Tekst Ingmar Kooman
Foto John van Helvert
‘Je bouwt een schip niet voor 5 jaar’
Mijn missie, ons belang
Sander Horenberg (38) had nog nooit een marineschip in het echt gezien toen hij opkwam bij de Koninklijke Marine. Tegenwoordig denkt de luitenant-ter-zee-1 mee over de nieuwste schepen van de Nederlandse vloot. Als technisch officier is hij onder andere verantwoordelijk voor de innovatieve patrouilleschepen. “Een nieuw oorlogsschip opleveren is heel spannend.”
“Techniek, dat trok me al van jongs af aan. Een jongen die ik kende van het zwemmen kwam met enthousiaste verhalen over de marine. Dat lijkt me ook wel wat, dacht ik. Pas toen ik ging varen, ontdekte ik hoeveel techniek er eigenlijk komt kijken bij het opereren van een marineschip. Toen wist ik: hier zit ik op de goede plek.
Als technisch officier aan boord moest ik ervoor zorgen dat het schip onder alle omstandigheden inzetgereed was. Tijdens oefeningen dam je gevechtsschade in, verricht je reparaties en tref je noodvoorzieningen.
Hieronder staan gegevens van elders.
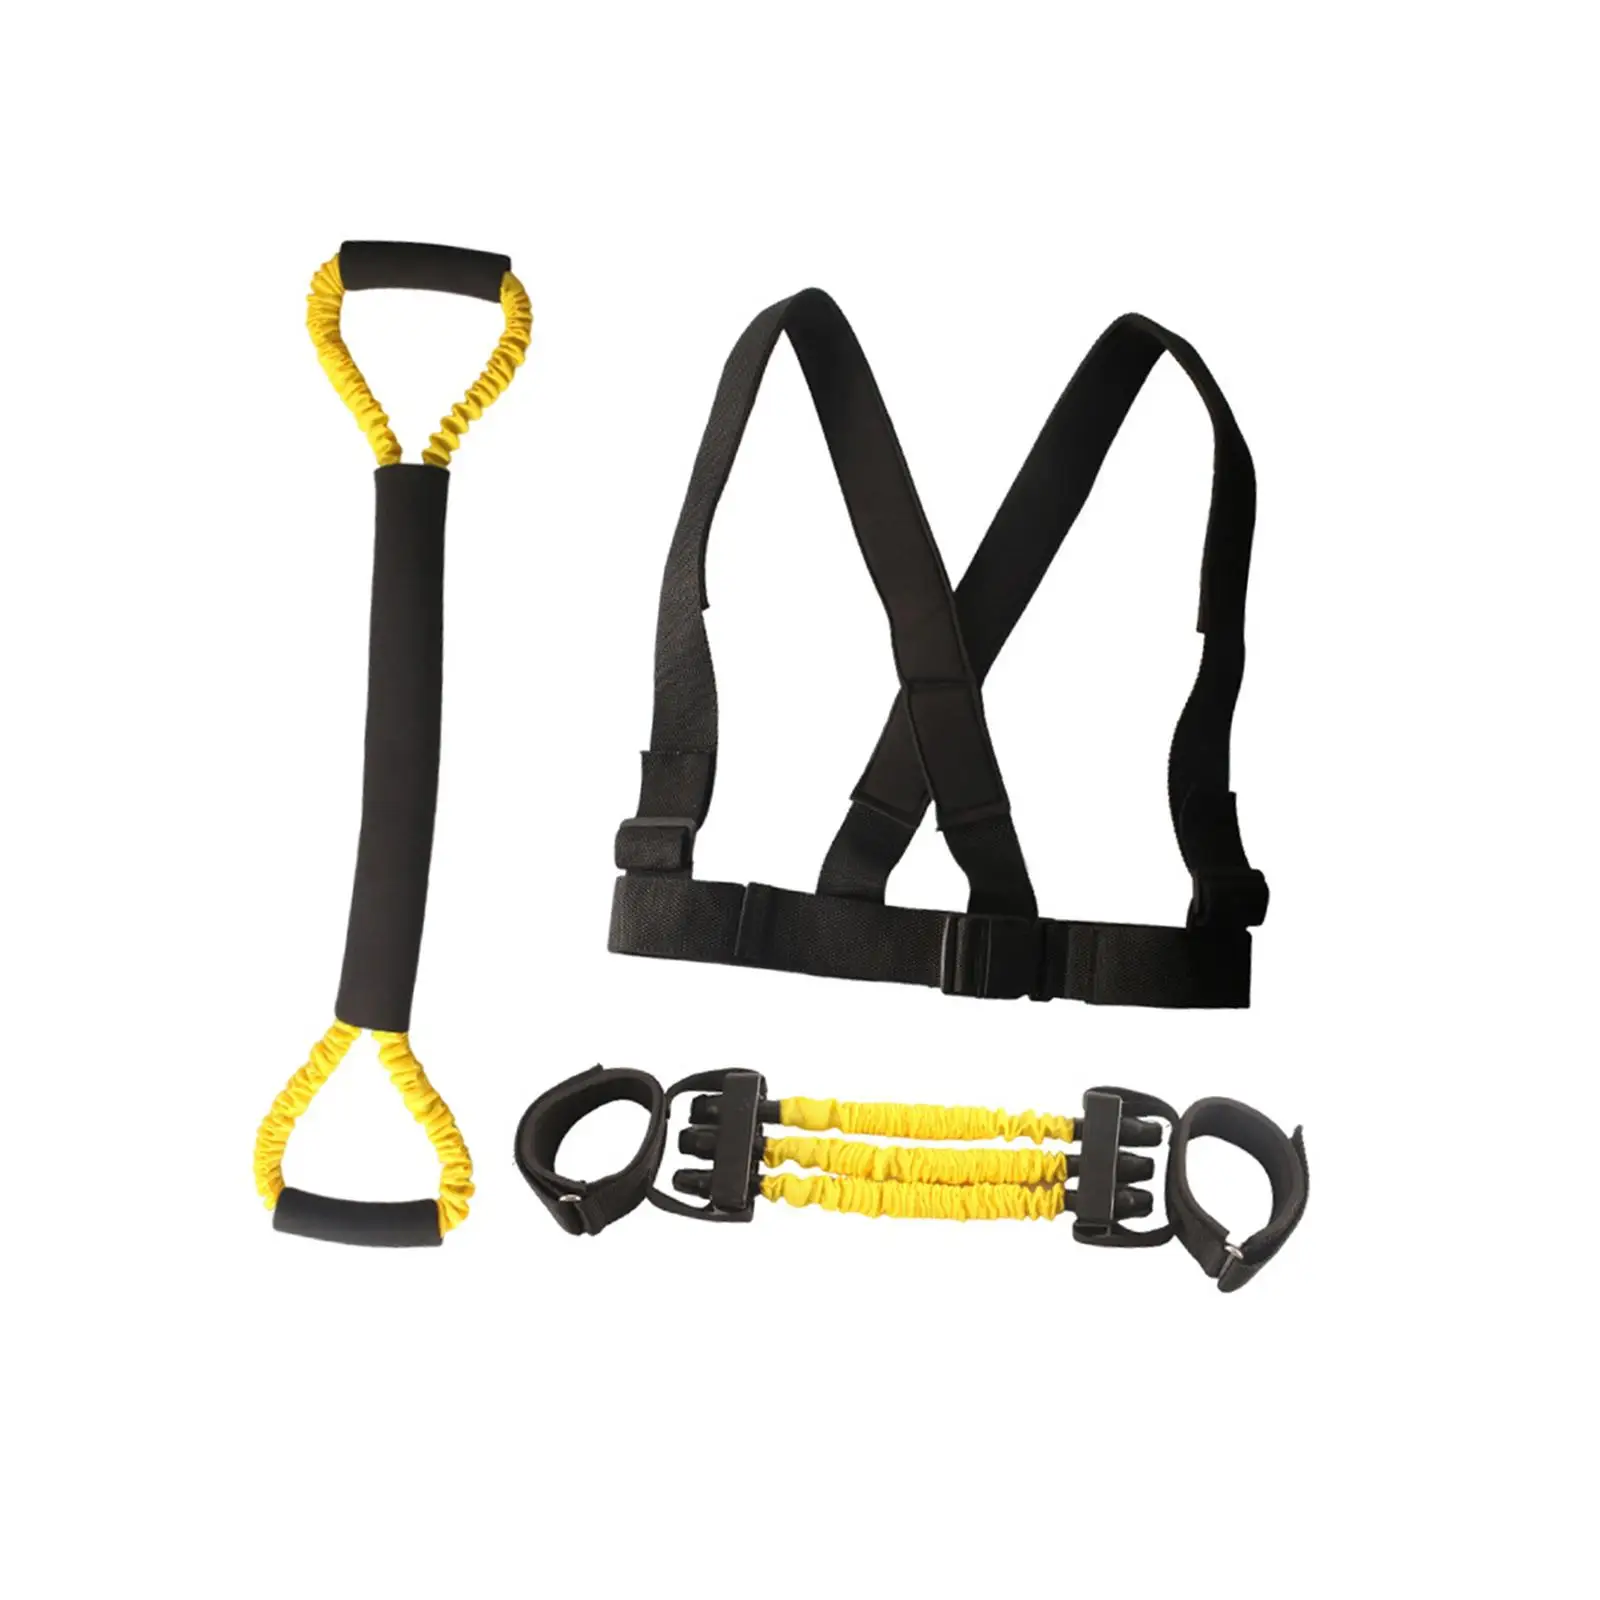 Pulling Rope Fitness Exercise Band Boxing Resistance Bands with Foam Handles for Pilates Football Punching Mma Muscle Building

In 2001 gingen we met Hr.Ms. Van Galen 6 maanden naar de Perzische Golf, zoeken naar terroristen. Fantastisch was dat.
Nu ondersteun ik de operationele wereld. Bij de Defensie Materieel Organisatie werk ik aan de nieuwste generatie patrouilleschepen, de Holland-klasse. Het is bijzonder om vanaf de eerste bouwtekeningen over zo’n nieuw concept mee te denken. De geïntegreerde mast bijvoorbeeld. Alle sensorapparatuur zit erin, dat is een sterk staaltje ontwerpen. Bovendien is de bouw en het testen van de mast helemaal losgekoppeld van de constructie van een schip. Binnen 4 uur is ‘ie te plaatsen. En dan is het bijna plug & play: kabels aansluiten en het werkt.
De bedrijfsvoering aan boord van de patrouilleschepen is ook van een heel andere orde. Want hoe vaar je een schip ter grootte van een fregat – 100 man – met slechts 50 man? De patrouilleschepen zijn geen full scale oorlogsvaartuigen, zoals de M- en luchtverdedigingsfregatten uit de Koude Oorlog.
De Holland-klasse daarentegen is toegespitst op de dreigingen van deze tijd: anti-drugsoperaties, anti-piraterij en rampenbestrijding. De wereld om ons heen vereist dat we blijven nadenken. Je bouwt een schip niet voor 5 jaar, maar voor wel 30 jaar. Dus bedenk goed wat je nodig hebt voor toekomstige operaties. Door de nauwe samenwerking tussen kennisinstituten, de industrie en Defensie kunnen we daar sneller en beter op inspelen.
Ik mocht meedenken over die nieuwe bedrijfsvoering. Het testen. En als eerste hoofd technische dienst aan boord van Zr.Ms. Holland heb ik het daadwerkelijk kunnen invoeren. Alle vergaderingen en papierwerk resulteren zo een paar jaar in een concreet en ook echt nieuw product. En in alle fases zit ik er met mijn neus bovenop. Want ik wil dat de collega’s aan boord straks glimlachend achter de consoles zitten. Dat drijft mij nog steeds.”